He said privacy provisions have been written into the new election rules to require that the information – name, address, gender, citizenship status – can be used only for electoral purposes.
Election law overhaul
The permanent voters’ list is part of an overhaul of Canadian election laws which takes effect April 26.
It will shorten the election campaign time to a minimum 36 days from 47 days and stagger voting hours across the country to allow release of results on election night to happen within an hour or two nation-wide.
This is aimed at calming complaints that once polls close at 8 p.m. on the Prairies and British Columbia, the television news often already has declared a winner based on results from Eastern Canada.

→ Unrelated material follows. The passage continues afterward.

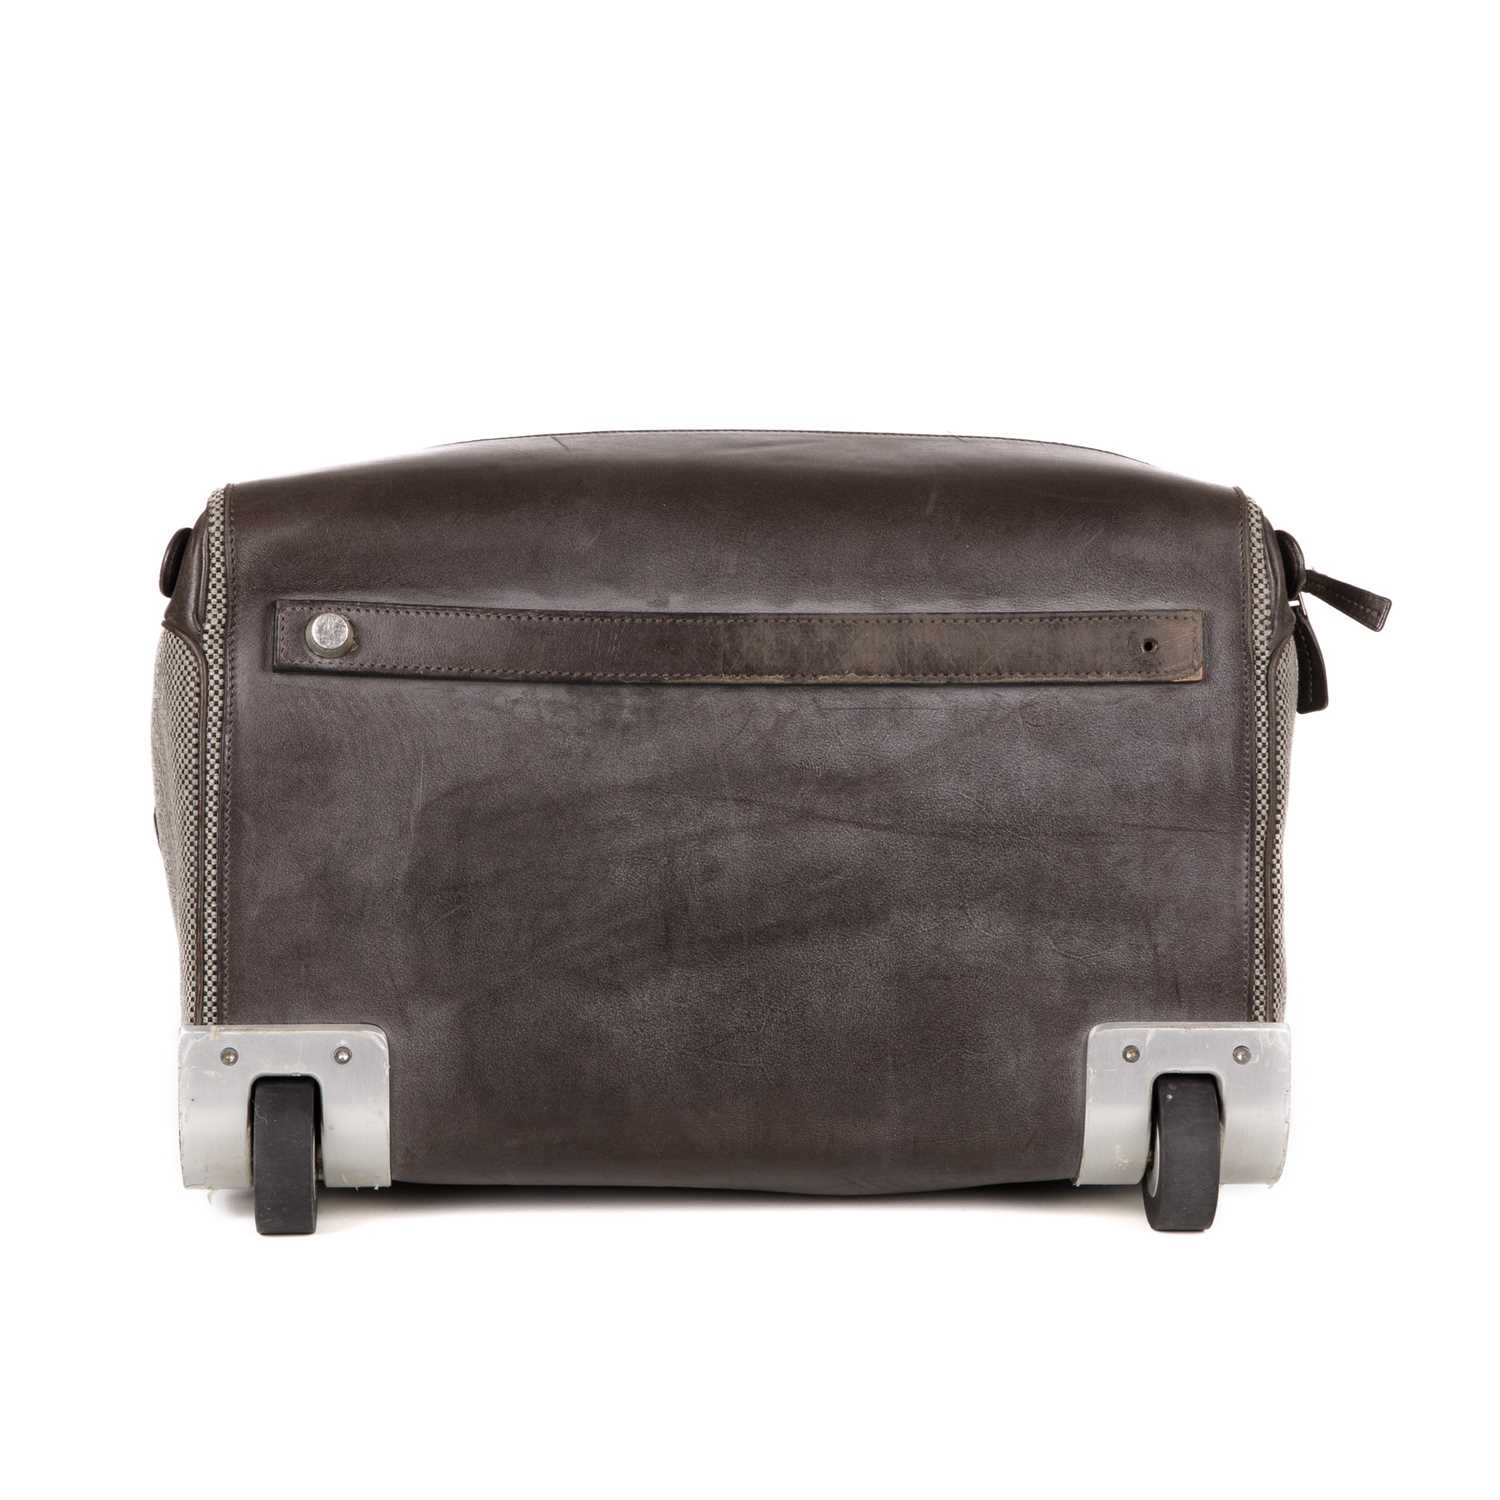 Hermes, a 2012 Cleche-Express cabin suitcase, designed with grey water-repellent H tech canvas - Image 4 of 6

Kingsley said 99,000 temporary enumerators have been hired in 271 federal constituencies across the country to conduct the door-to-door questioning.
Normally, names of potential enumerators are passed on to Elections Canada by the sitting MP.
However, one Saskatchewan Reform MP won some national publicity this time by denouncing the old practice as patronage.
Yorkton-Melville MP Garry Breitkreuz advertised the positions in local newspapers, promising to pass on to Elections Canada names of all who applied for the job, which will be worth close to $400 per enumerator.
Breitkreuz said the old way of doing things was merely a local form of patronage, the low-end of the chain which ends with lucrative lifetime appointments to the Senate.
“These jobs should be open to everyone in the constituency, not just Reform supporters.”